-------- Data to process
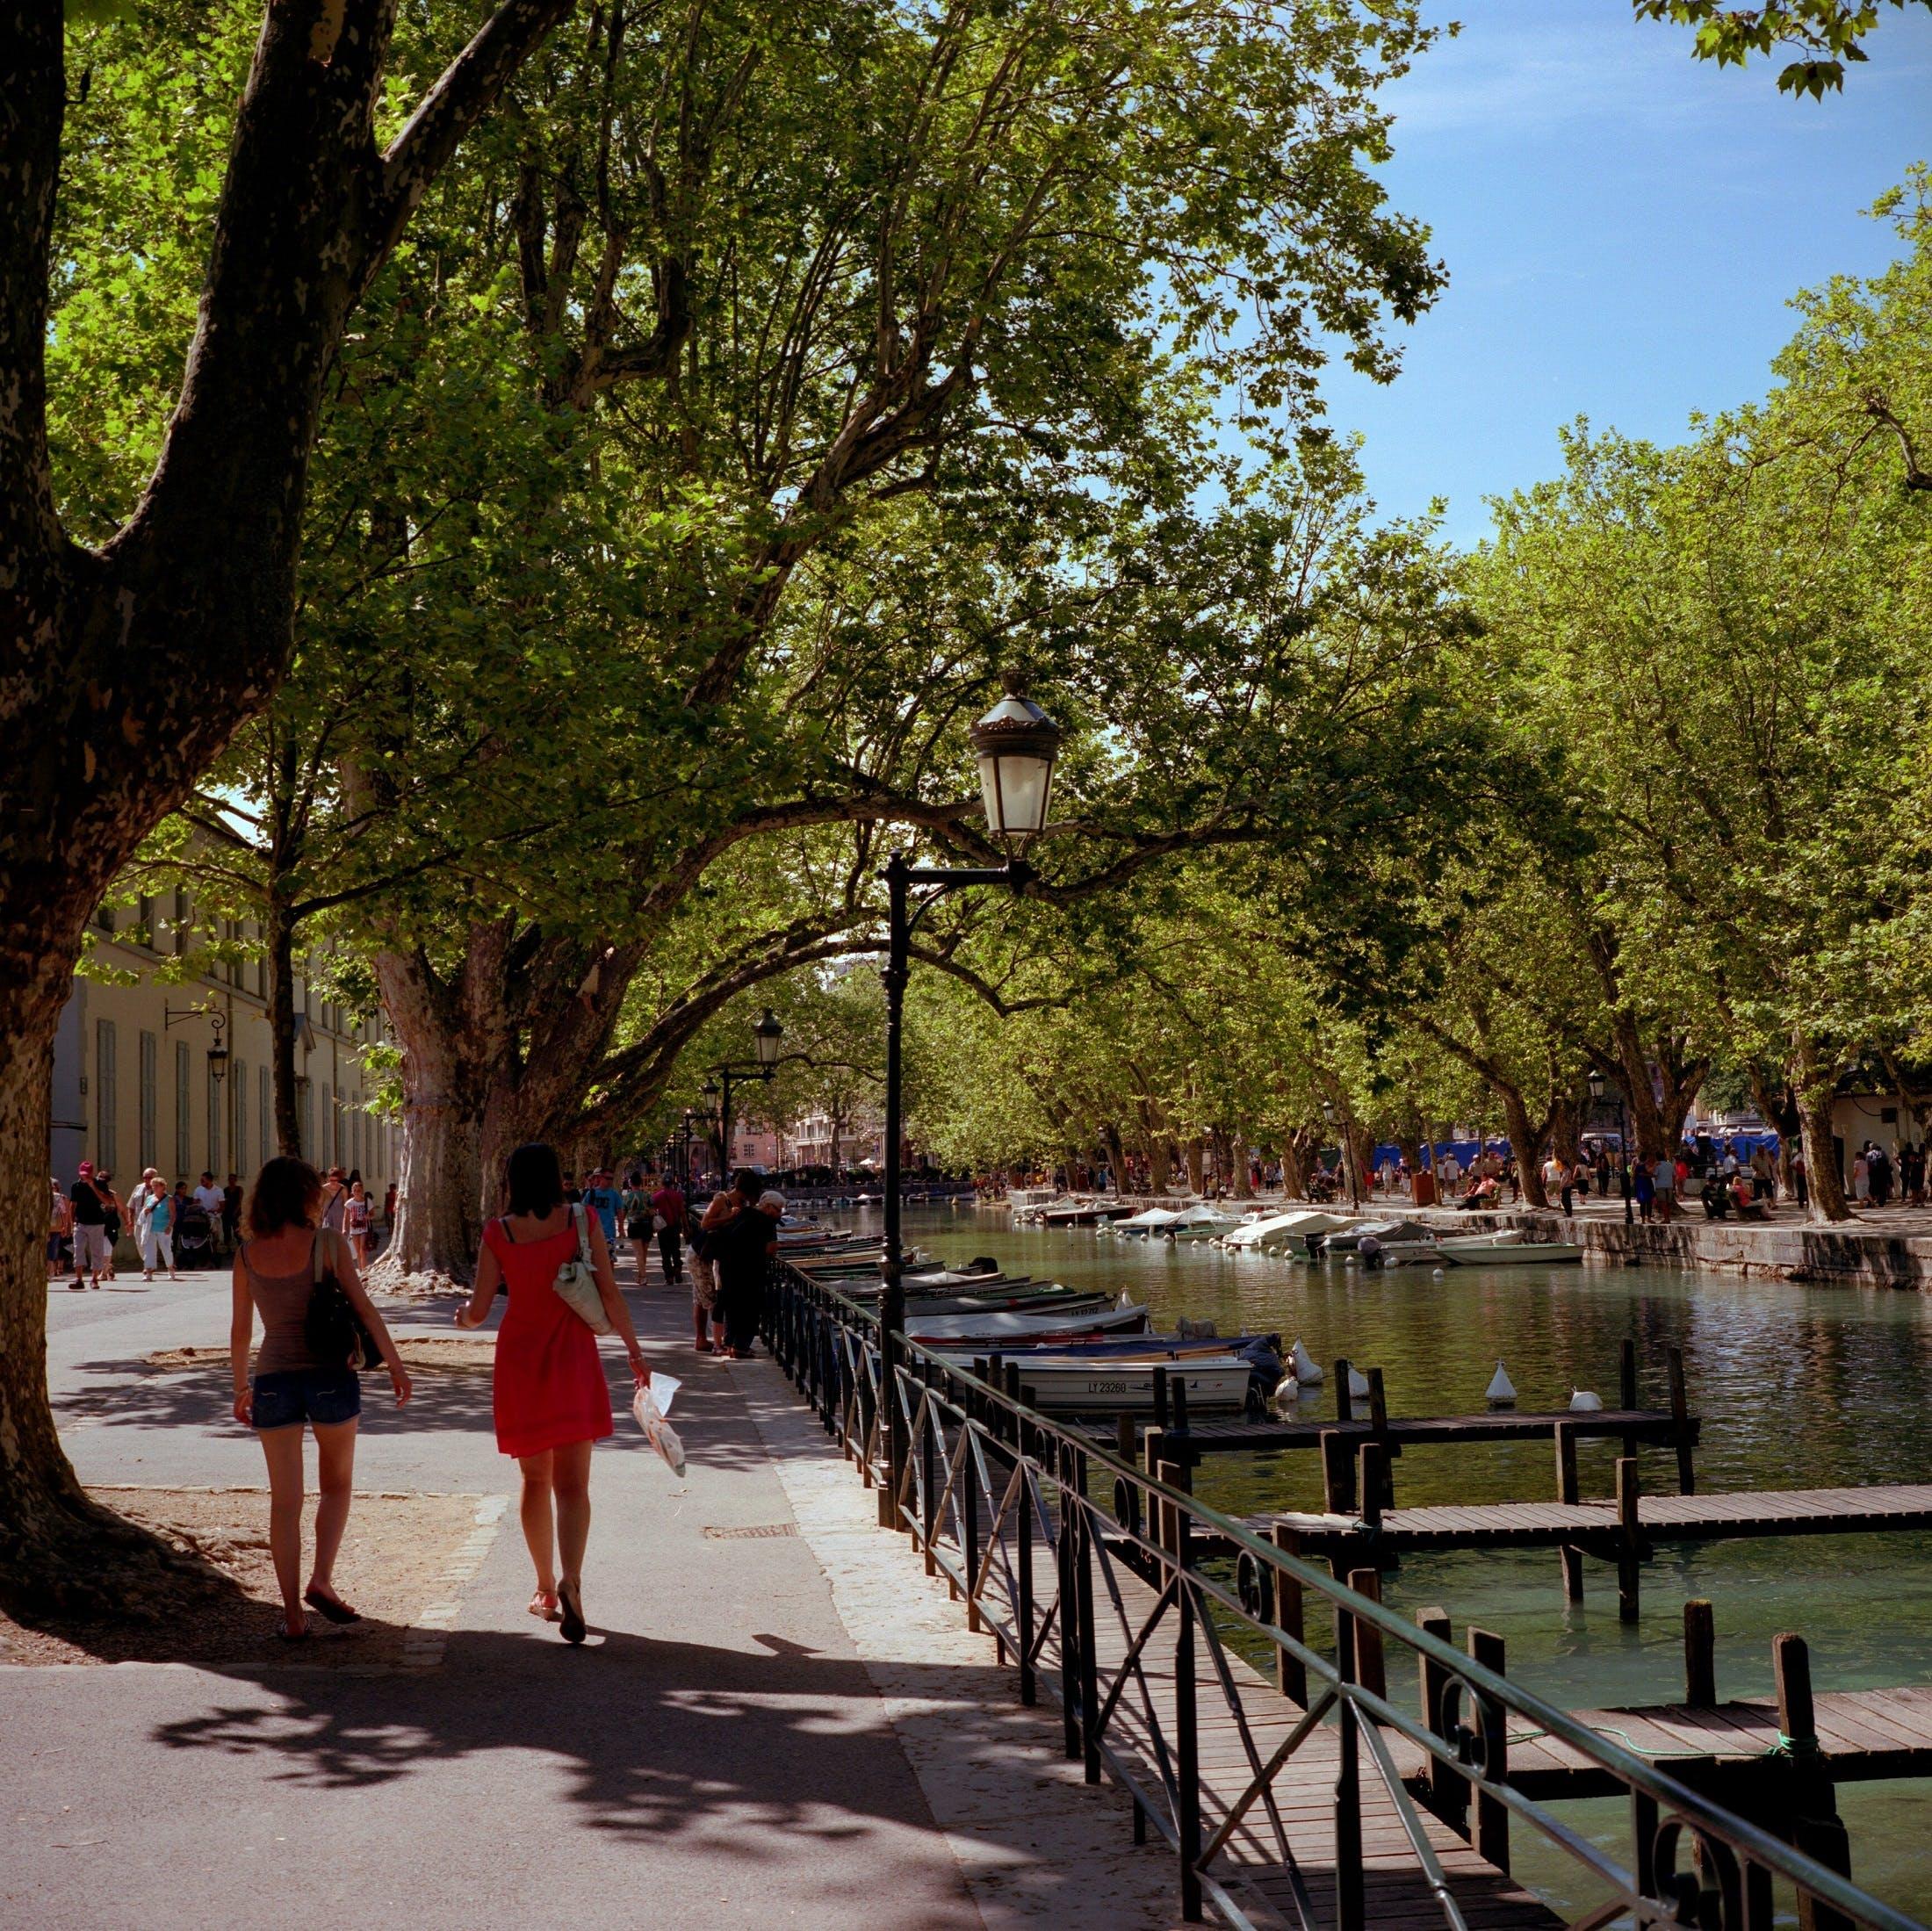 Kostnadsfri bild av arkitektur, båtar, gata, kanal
----------------
-------- Data to process
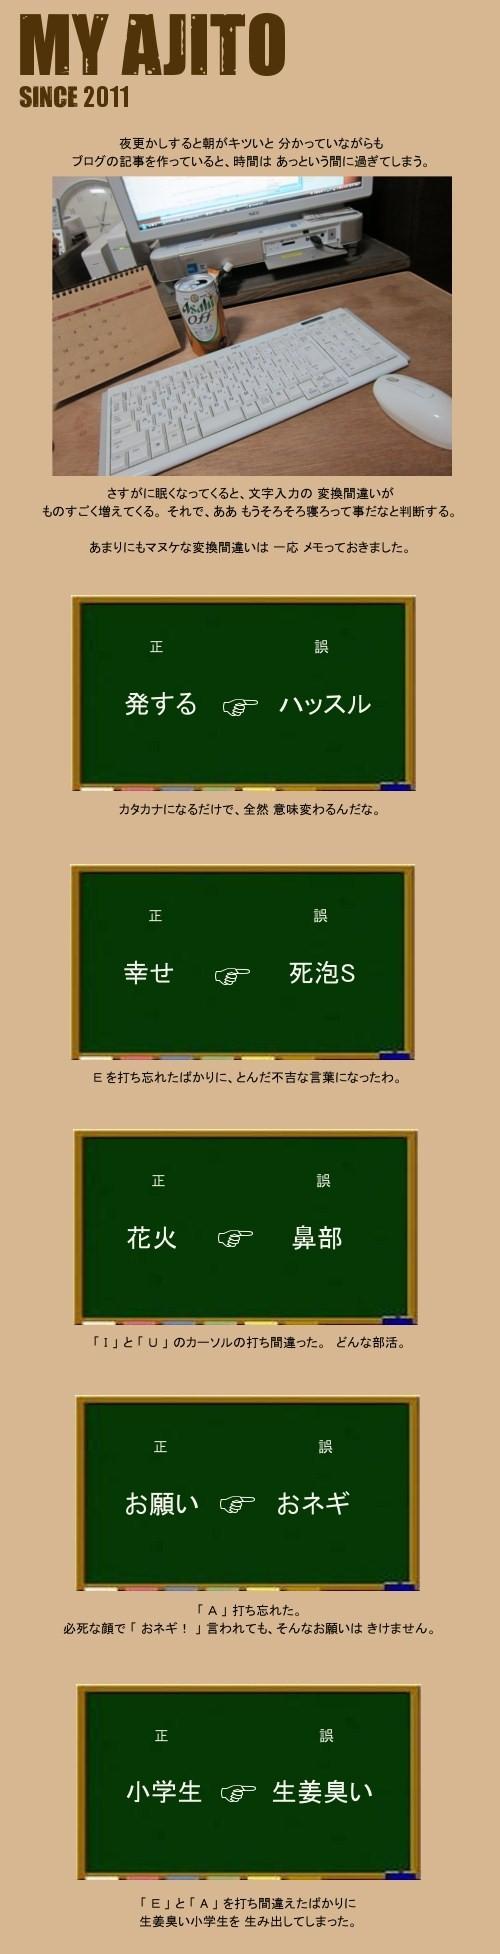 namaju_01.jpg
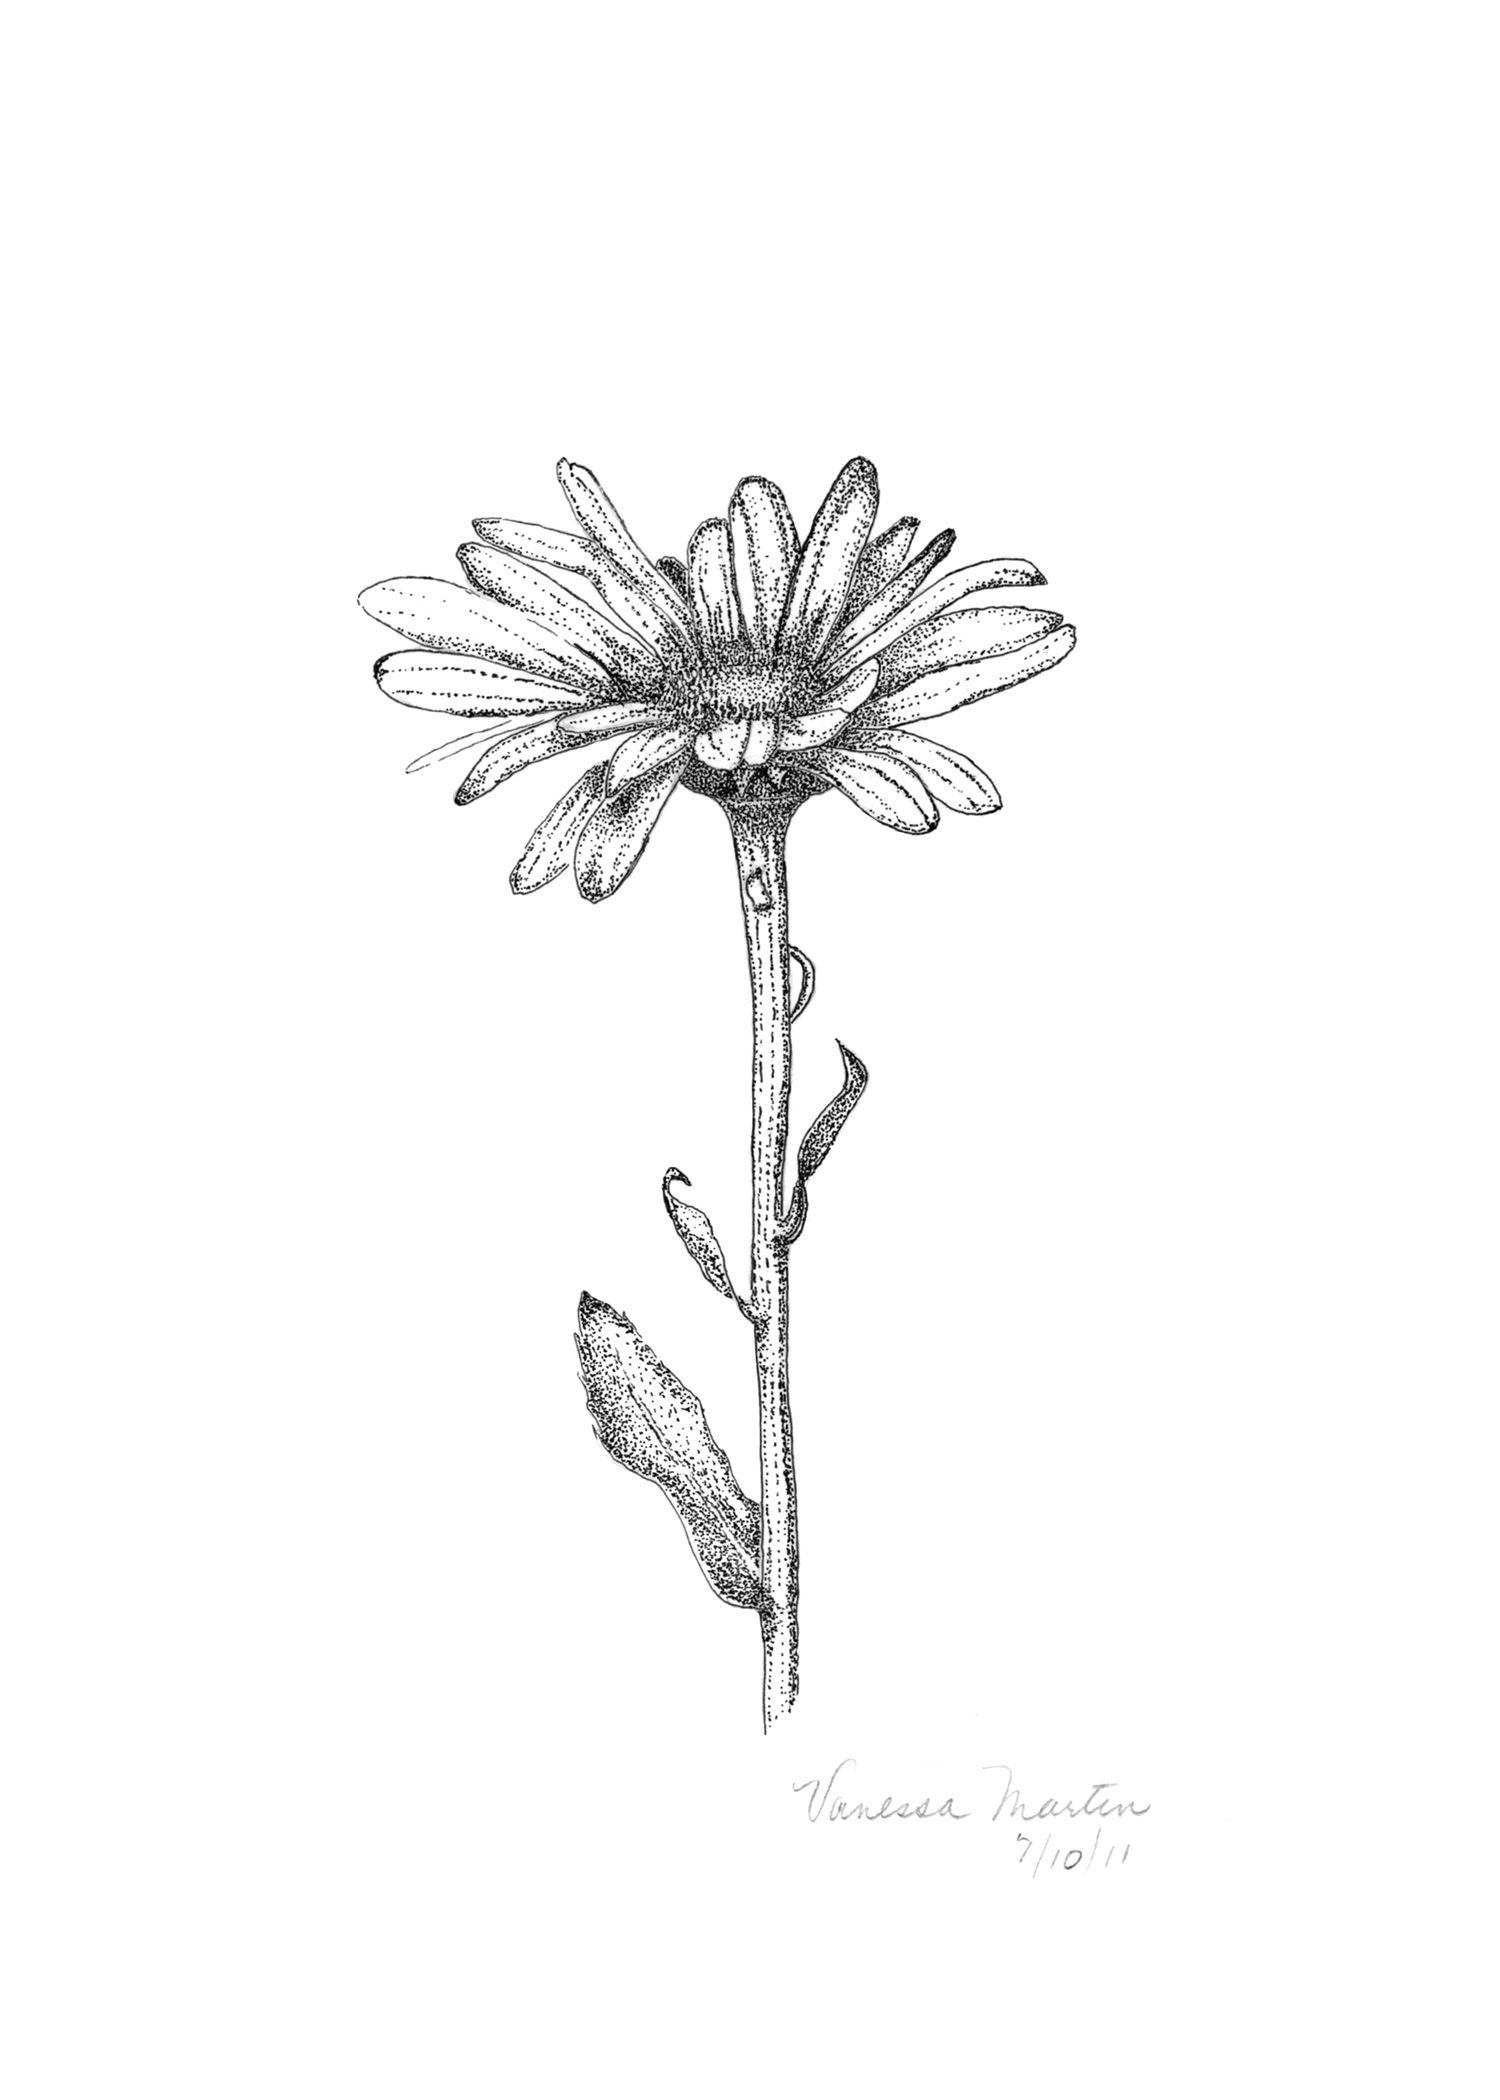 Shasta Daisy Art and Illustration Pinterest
----------------
§ **Exercise brief**: Your answer should be the exact lines above from the one containing "namaju_01.jpg" through the one containing "Shasta Daisy Art and Illustration Pinterest", with both end lines kept and the pictures removed, please.

§ **Expected answer**:
 namaju_01.jpg
 Shasta Daisy Art and Illustration Pinterest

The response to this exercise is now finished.